### RECORDED INFORMATION
-=-=-

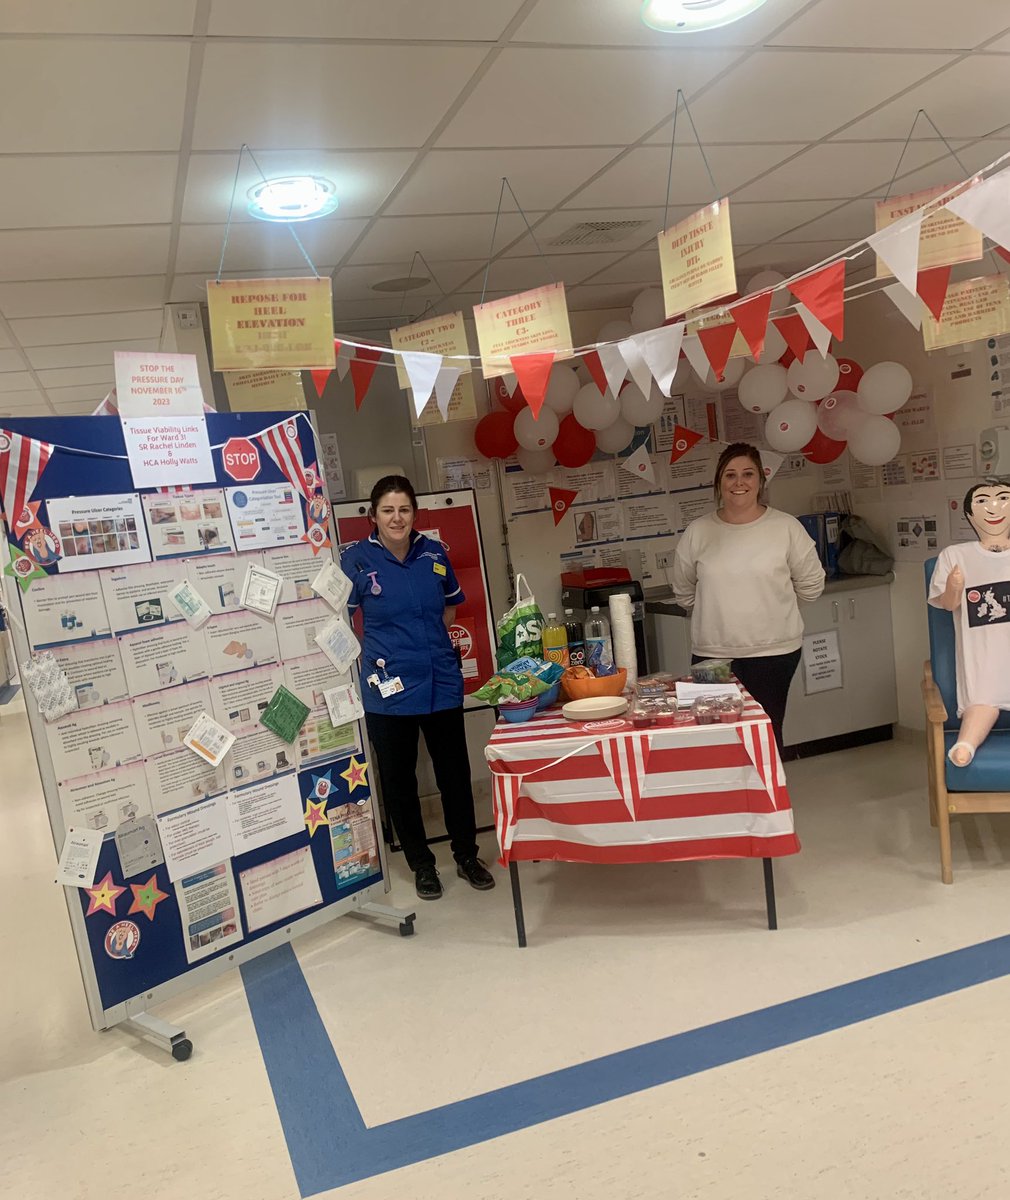 Ward 31, 👏👏Racheal and Holly doing a great job with highlighting the importance of pressure ulcer prevention. #StopThePressure #teammedicine.
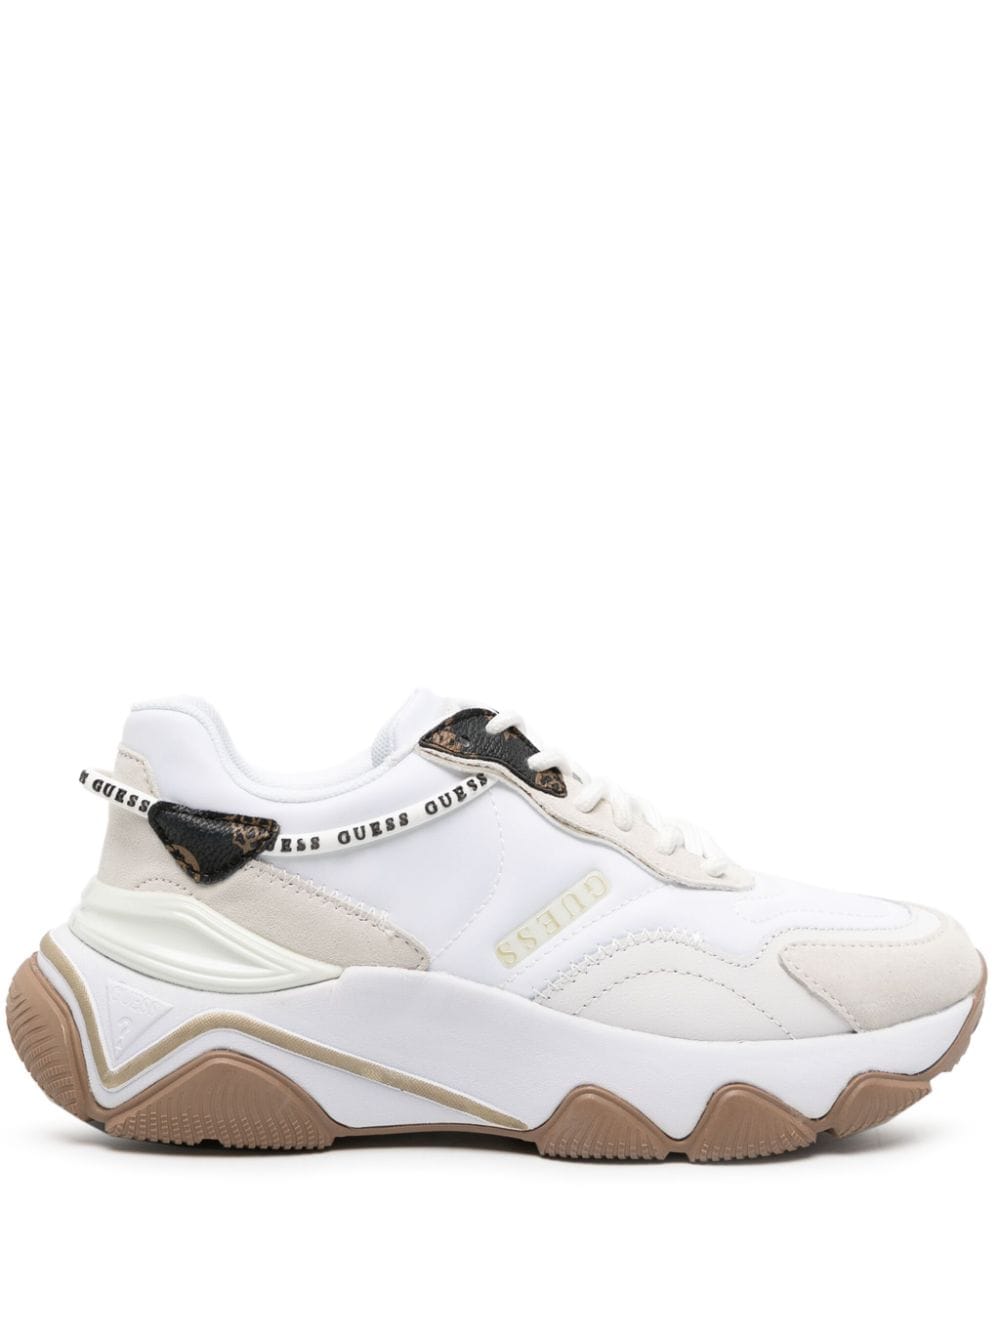 Guess Usa Micola Active Chunky Trainers In White
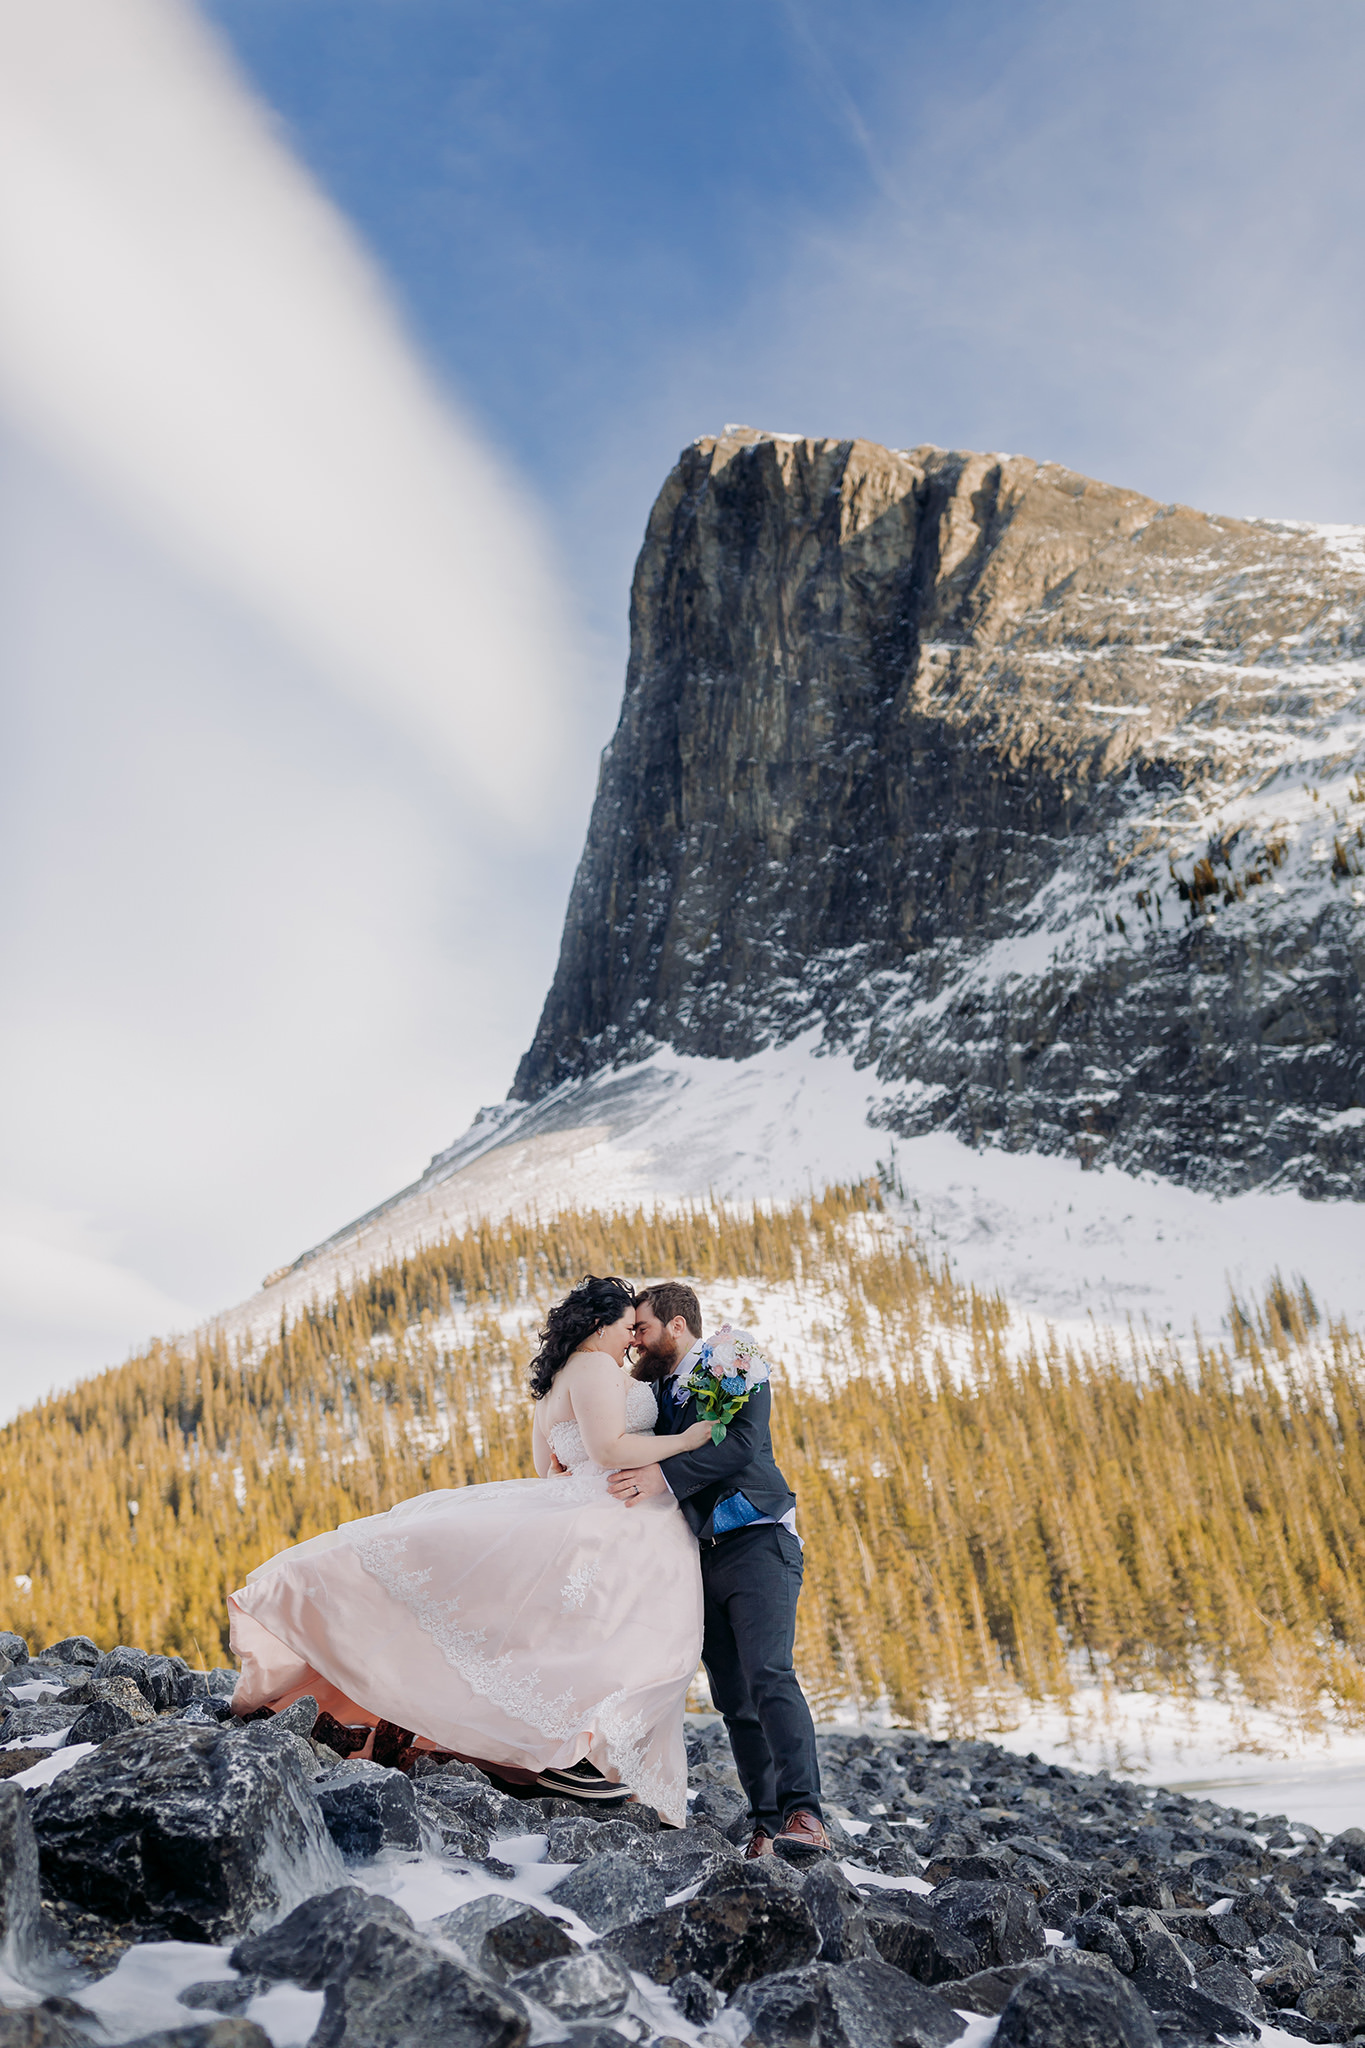  Canmore winter wedding photos bride & groom at Goat Pond in Kananaskis photographed by ENV Photography Ha Ling Peak
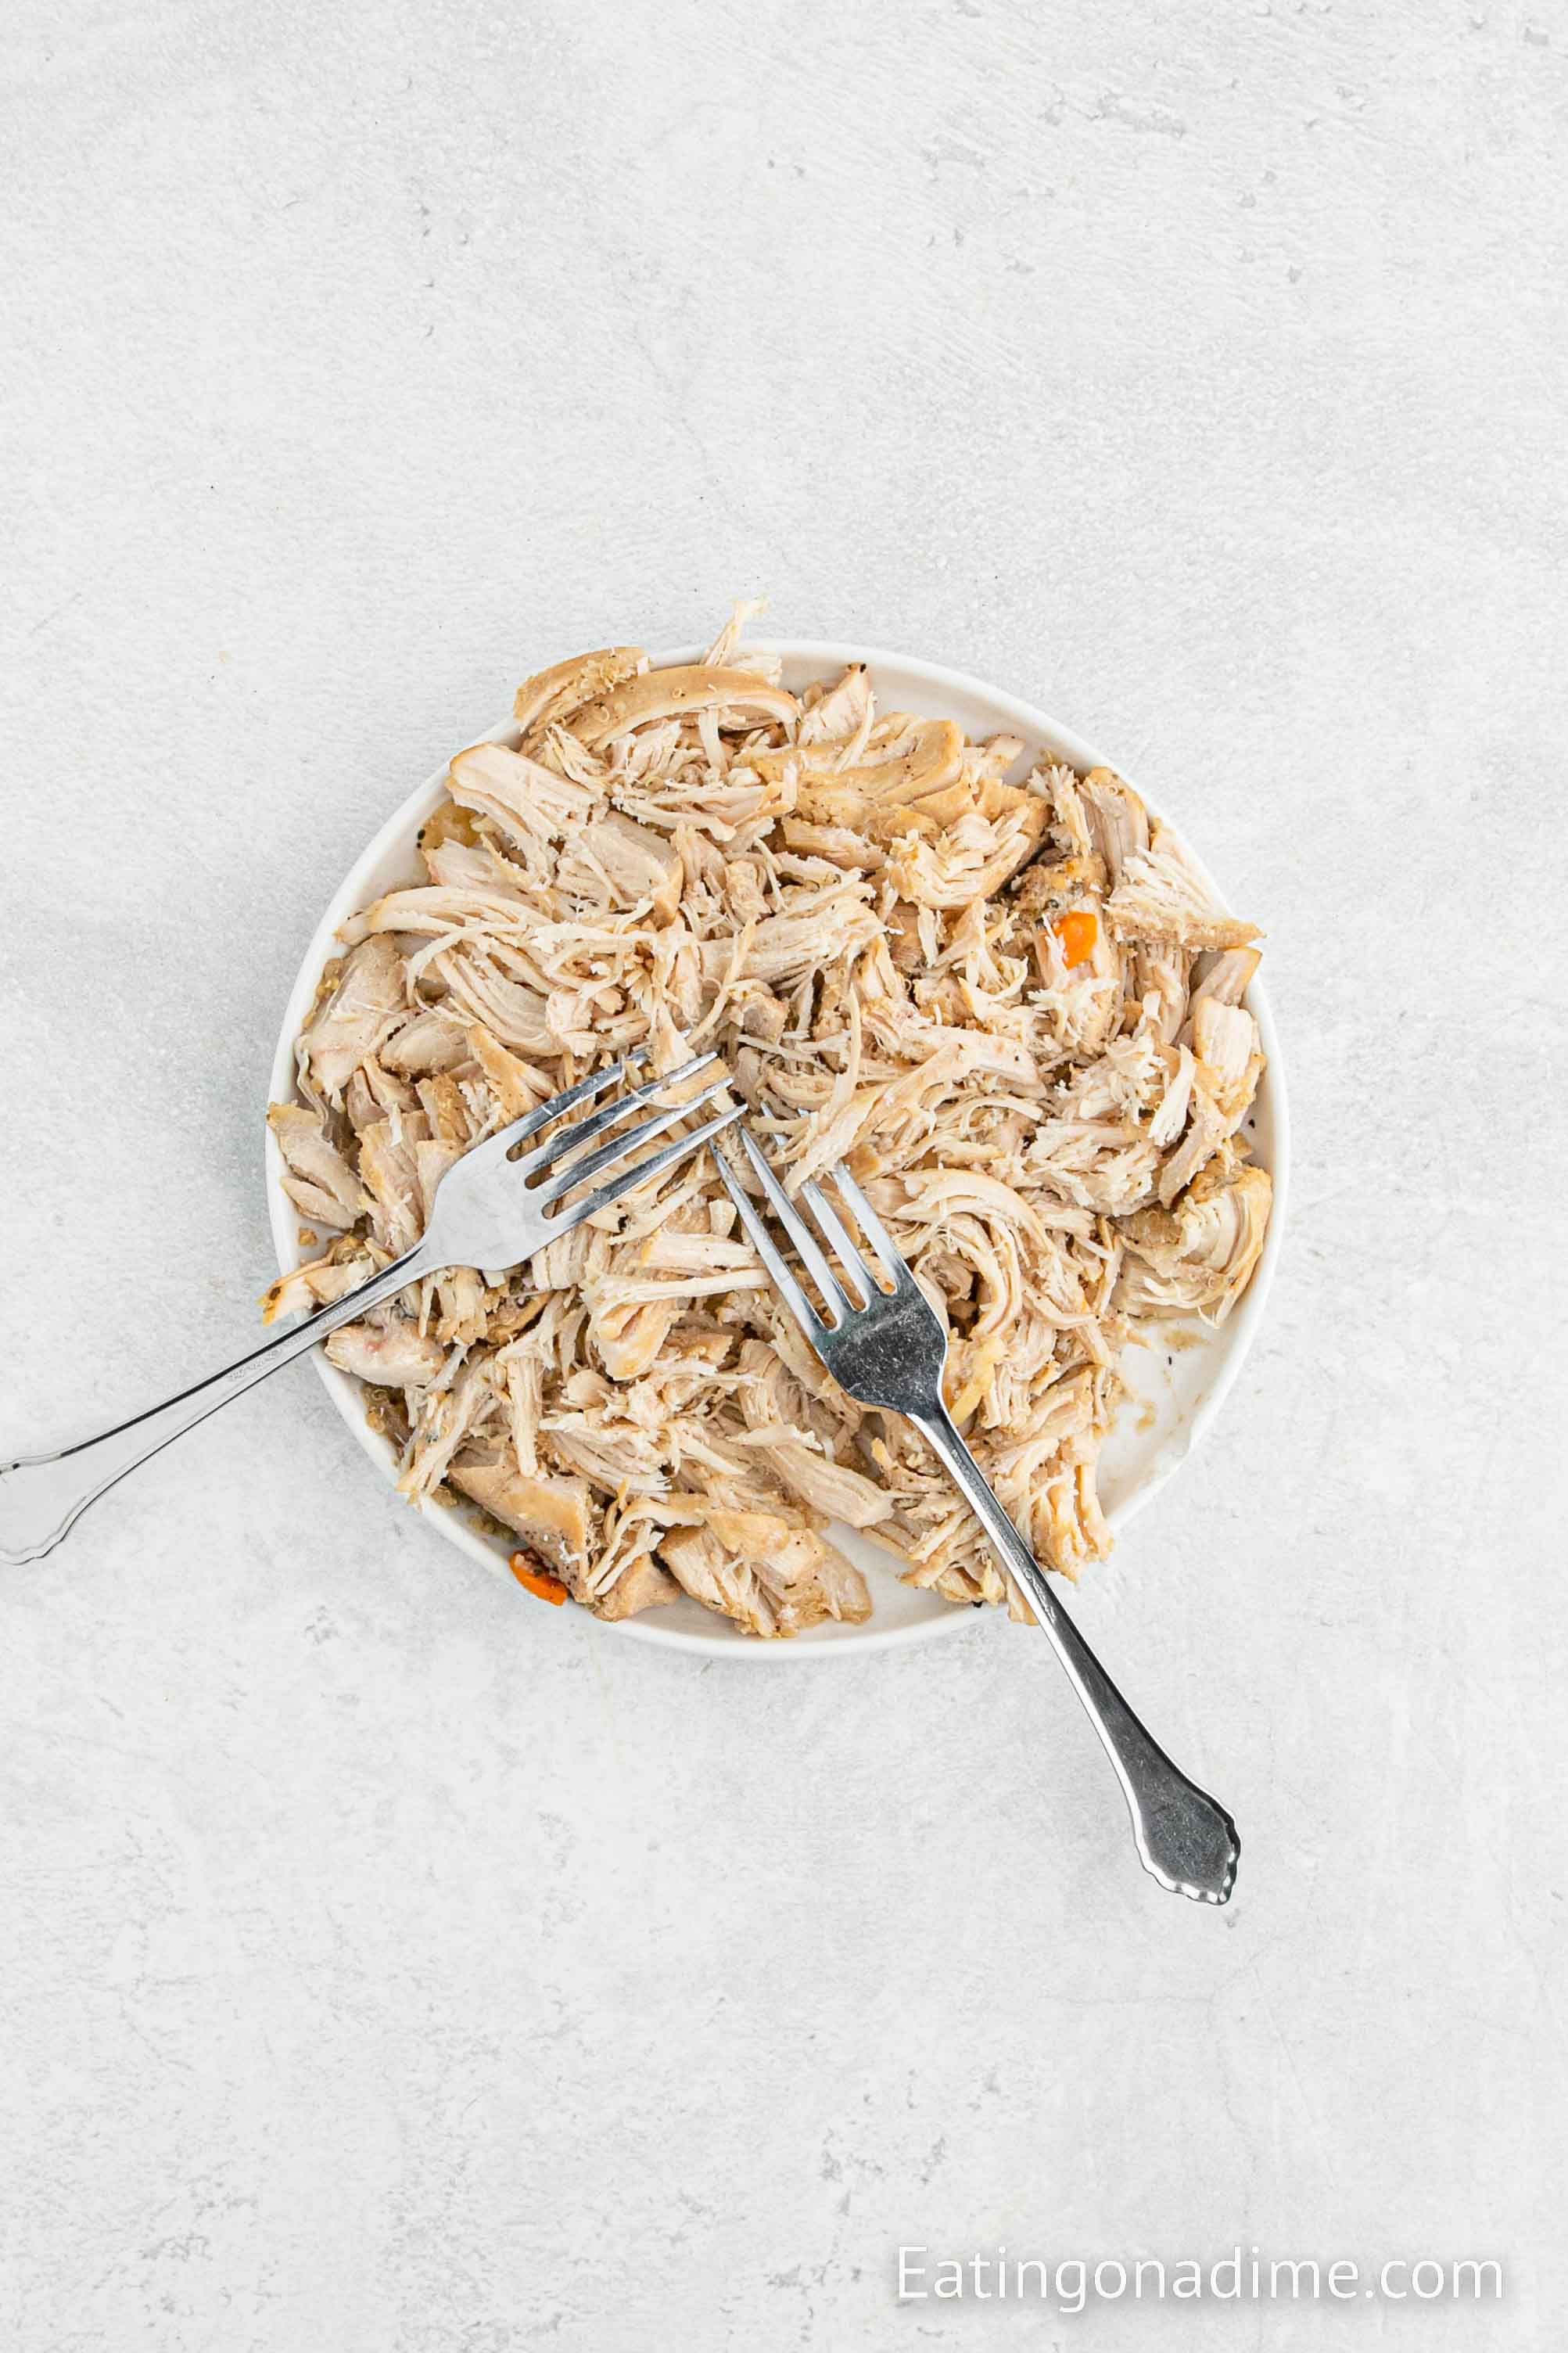 Shredding cooked chicken with two forks on a plate

-=-=-

### TASK TO CARRY OUT
Retype the listing exactly and drop the pictures.

### ANSWER TO THIS PROBLEM
 Ward 31, 👏👏Racheal and Holly doing a great job with highlighting the importance of pressure ulcer prevention. #StopThePressure #teammedicine.
 Guess Usa Micola Active Chunky Trainers In White
  Canmore winter wedding photos bride & groom at Goat Pond in Kananaskis photographed by ENV Photography Ha Ling Peak
 Shredding cooked chicken with two forks on a plate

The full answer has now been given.